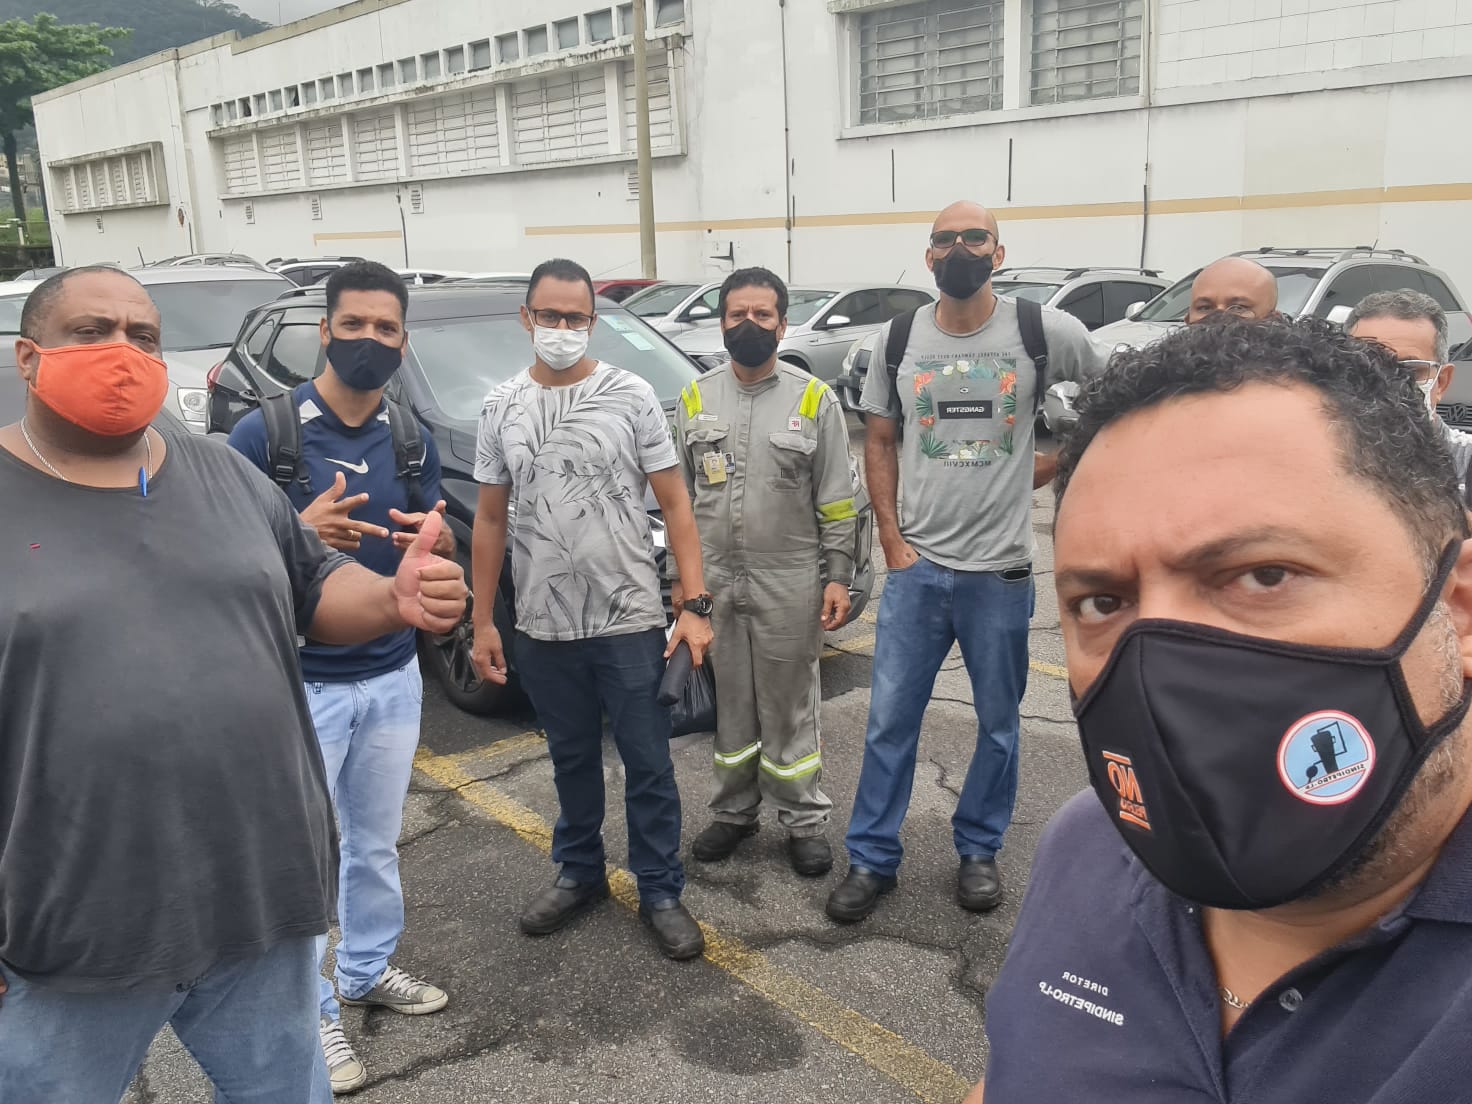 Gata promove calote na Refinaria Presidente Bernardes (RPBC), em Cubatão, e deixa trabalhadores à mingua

* * *

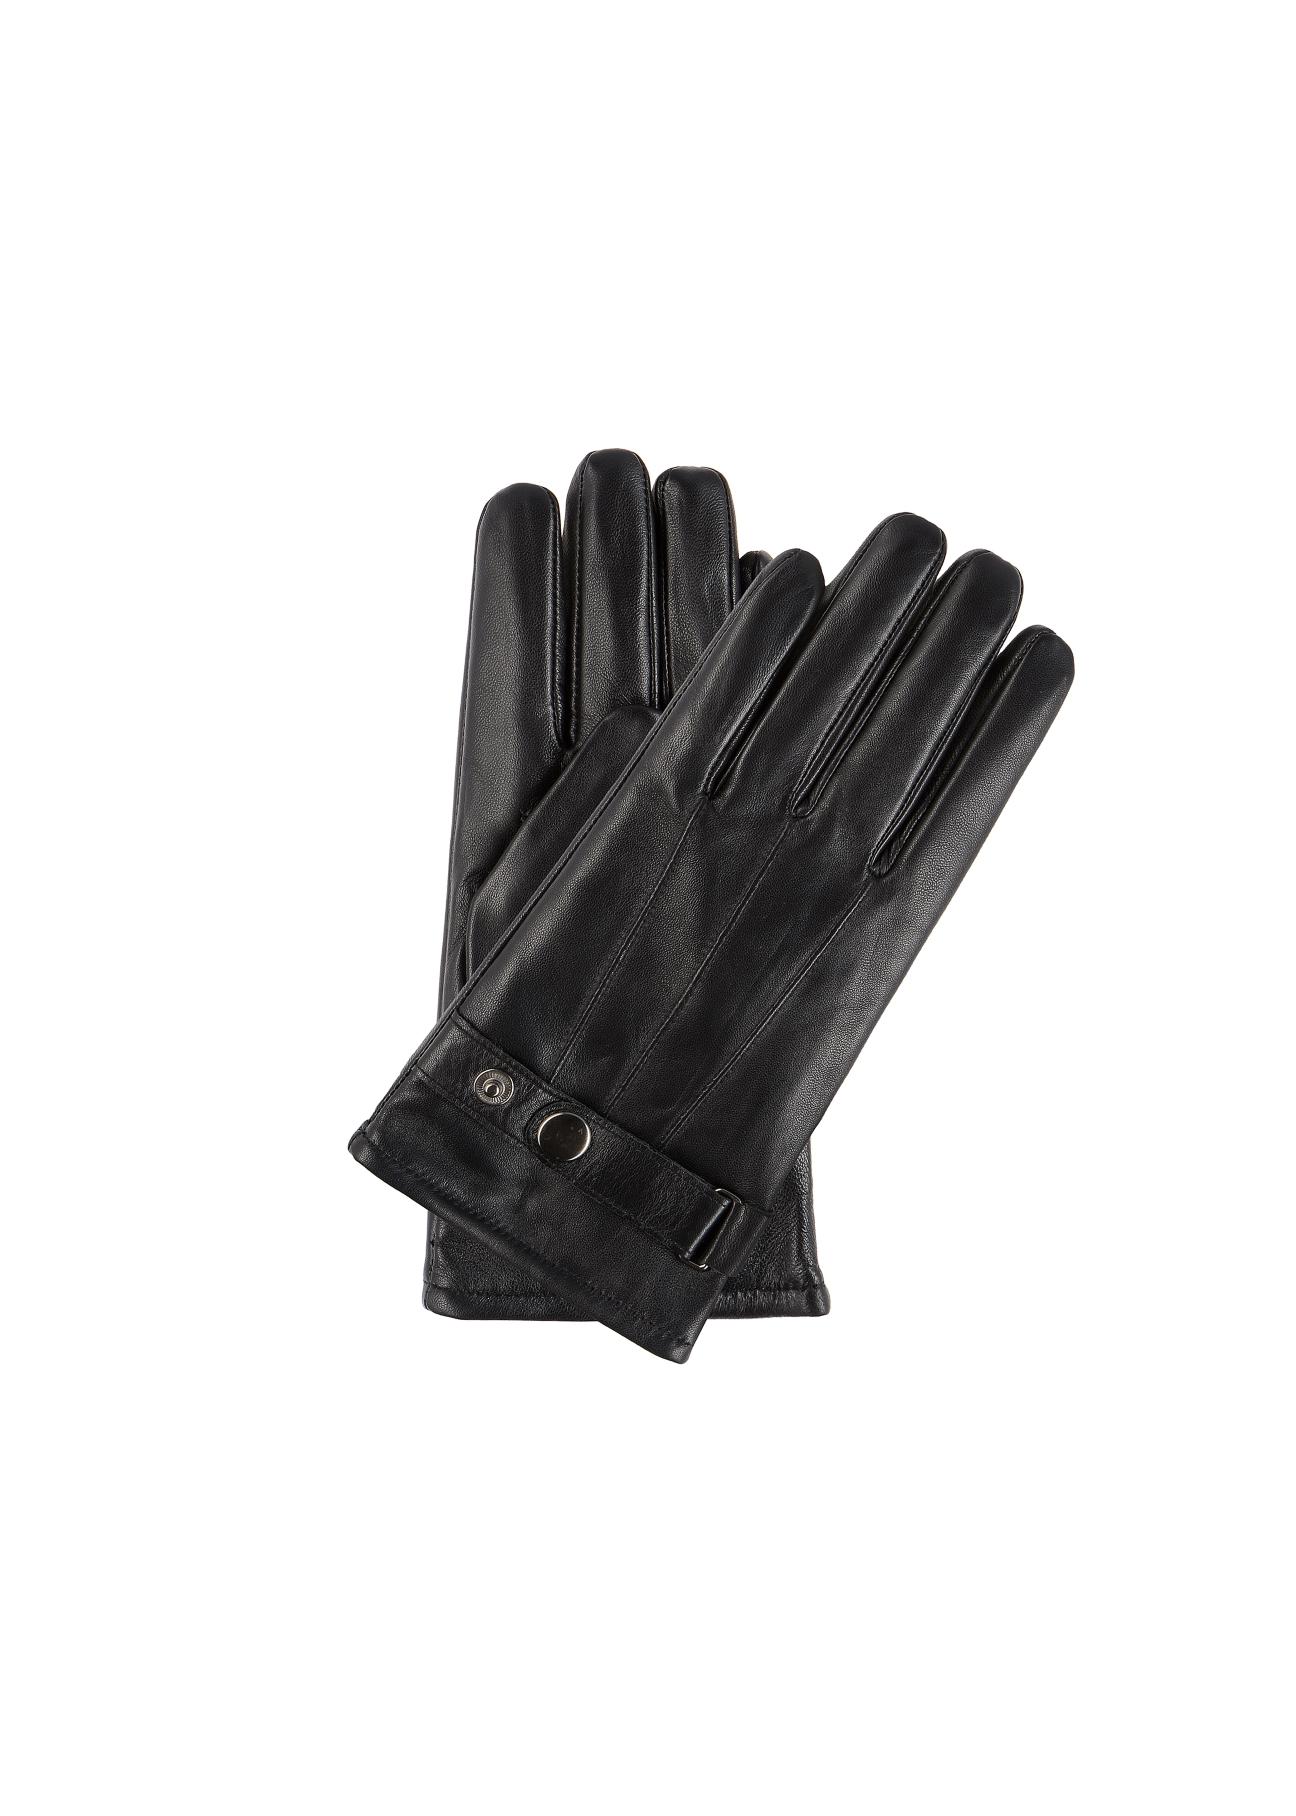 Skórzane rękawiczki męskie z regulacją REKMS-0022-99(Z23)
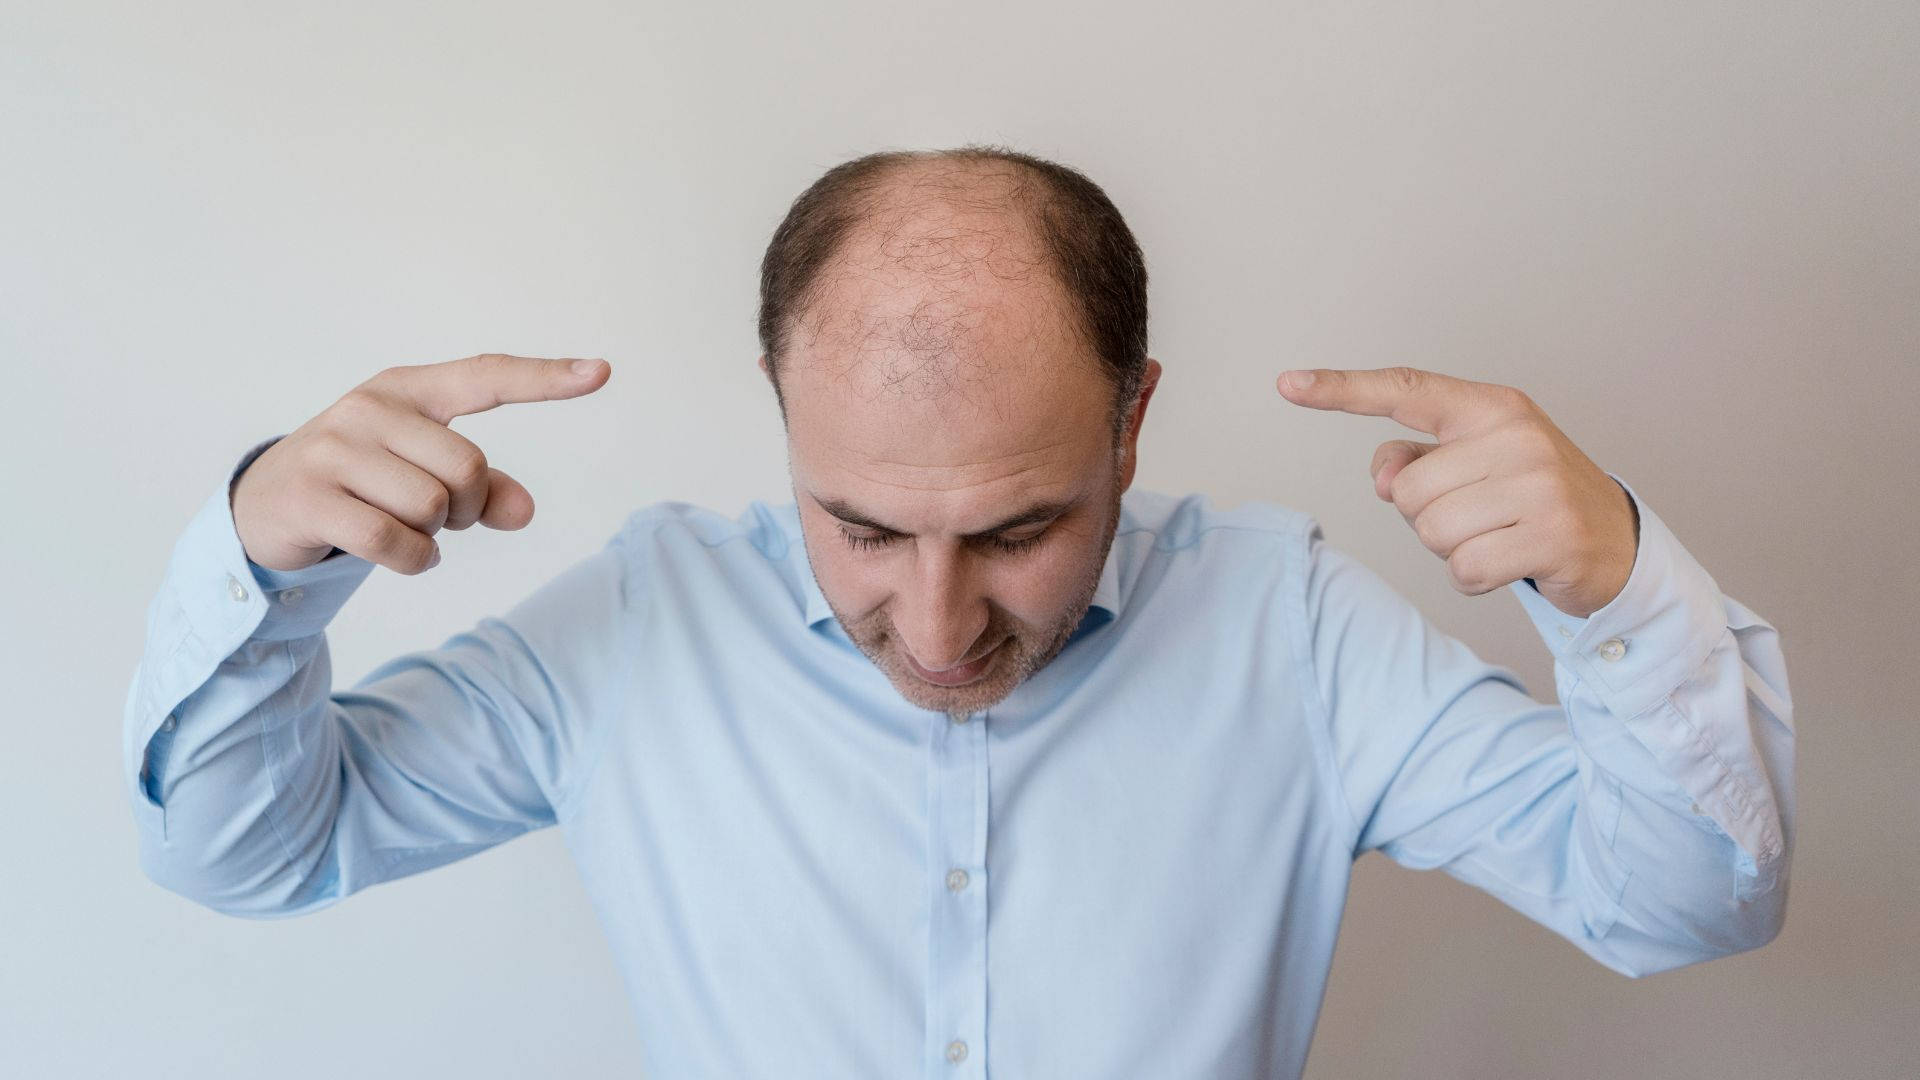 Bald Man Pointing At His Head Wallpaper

* * *

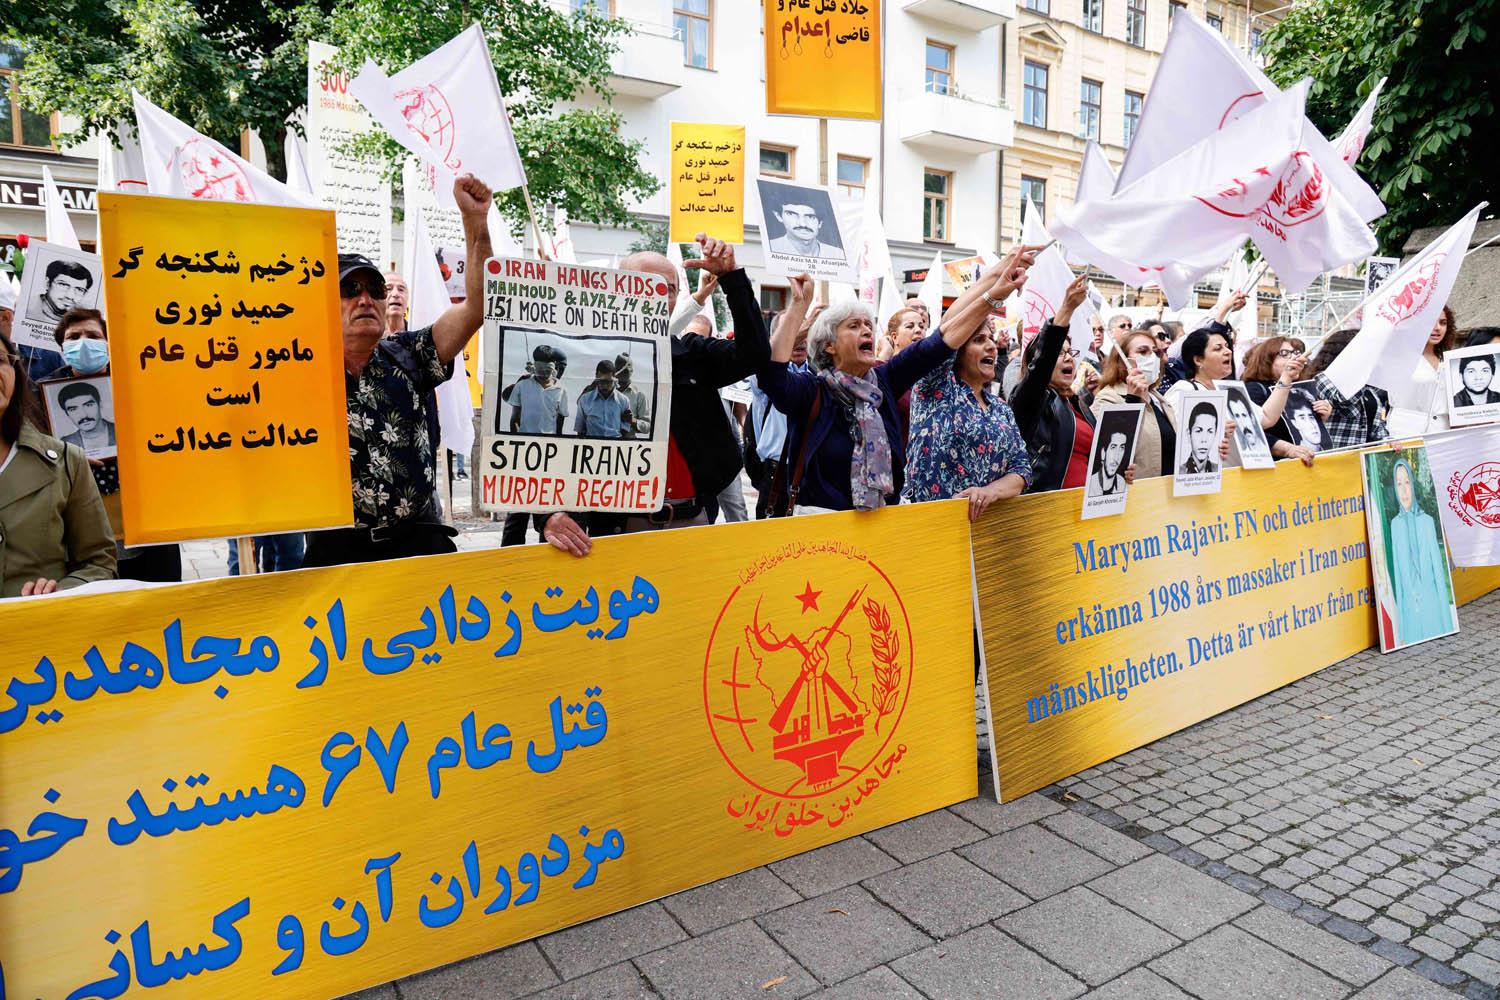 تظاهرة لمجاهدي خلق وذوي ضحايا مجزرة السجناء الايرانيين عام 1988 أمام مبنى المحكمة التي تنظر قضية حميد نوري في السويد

TASK: Print nothing but the lines above starting with the line that contains "Skórzane rękawiczki męskie" and going on through the line that contains "Bald Man Pointing At His Head Wallpaper". Leave out the pictures.

ANSWER BOX:
 Skórzane rękawiczki męskie z regulacją REKMS-0022-99(Z23)
 Bald Man Pointing At His Head Wallpaper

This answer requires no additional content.